Я смутился и торопливо, глухим голосом, отвечал, что намерен исполнить долг честного человека - удалиться, "потому что, - прибавил я, - я вас люблю, Вера Николаевна, вы, вероятно, давно это заметили". Она опять наклонилась к канве и задумалась.
- Я должна переговорить с вами, - промолвила она, - приходите сегодня вечером после чаю в наш домик... знаете, где вы читали "Фауста".
Она сказала это так внятно, что я и теперь не постигаю, каким образом Приимков, который в это самое мгновенье входил в комнату, не слыхал ничего. Тихо, томительно тихо прошел этот день. Вера иногда озиралась с таким выражением, как будто спрашивала себя: не во сне ли она? И в то же время на лице ее была написана решимость. А я... я не мог прийти в себя. Вера меня любит! Эти слова беспрестанно вращались в моем уме; но я не понимал их, - ни себя не понимал я, ни ее. Я не верил такому неожиданному, такому потрясающему счастию; с усилием припоминал прошедшее и тоже глядел, говорил, как во сне...

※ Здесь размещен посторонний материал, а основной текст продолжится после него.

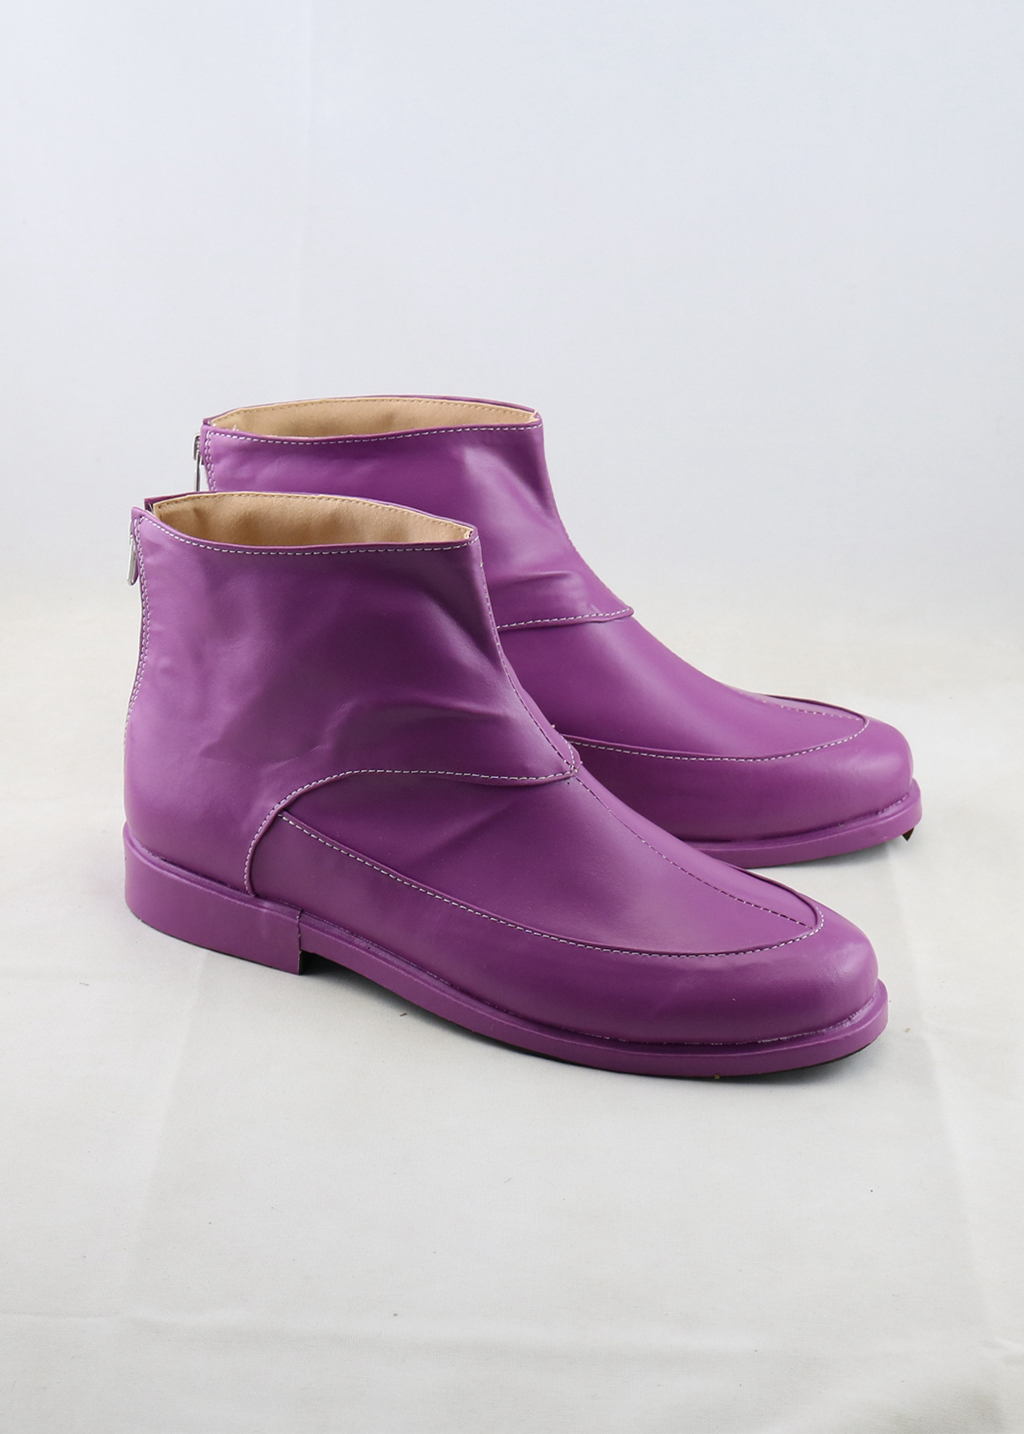 Funny Valentine Shoes Men Cosplay JoJo's Bizarre Adventure Boots

После чаю, когда я уже начинал думать о том, как бы незаметно выскользнуть из дома, она сама вдруг объявила, что хочет идти гулять, и предложила мне проводить ее. Я встал, взял шляпу и побрел за ней. Я не смел заговорить, я едва дышал, я ждал ее первого слова, ждал объяснений; но она молчала. Молча дошли мы до китайского домика, молча вошли в него, и тут - я до сих пор не знаю, не могу понять, как это сделалось - мы внезапно очутились в объятиях друг друга. Какая-то невидимая сила бросила меня к ней, ее - ко мне. При потухающем свете дня ее лицо, с закинутыми назад кудрями, мгновенно озарилось улыбкой самозабвения и неги, и наши губы слились ? поцелуй...
Этот поцелуй был первым и последним.
Вера вдруг вырвалась из рук моих и, с выражением ужаса в расширенных глазах, отшатнулась назад...
- Оглянитесь, - сказала она мне дрожащим голосом, - вы ничего не видите? Я быстро обернулся.
- Ничего. А вы разве что-нибудь видите?
- Теперь не вижу, а видела. Она глубоко и редко дышала.
- Кого? что?
- Мою мать, - медленно проговорила она и затрепетала вся.
Я тоже вздрогнул, словно холодом меня обдало. Мне вдруг стало жутко, как преступнику. Да разве я не был преступником в это мгновенье?
- Полноте! - начал я, - что вы это? Скажите мне лучше...
- Нет, ради бога, нет! - перебила она и схватила себя за голову. - Это сумасшествие... Я с ума схожу... Этим шутить нельзя - это смерть... Прощайте...
Я протянул к ней руки.
- Остановитесь, ради бога, на мгновение, - воскликнул я с невольным порывом. Я не знал, что говорил, и едва держался на ногах. - Ради бога... ведь это жестоко.
Она взглянула на меня.
- Завтра, завтра вечером, - проговорила она, - не сегодня, прошу вас... уезжайте сегодня... завтра вечером приходите к калитке сада, возле озера. Я там буду, я приду... я клянусь тебе, что приду, - прибавила она с увлечением, и глаза ее блеснули, - кто бы ни останавливал меня, клянусь! Я все скажу тебе, только пусти меня сегодня.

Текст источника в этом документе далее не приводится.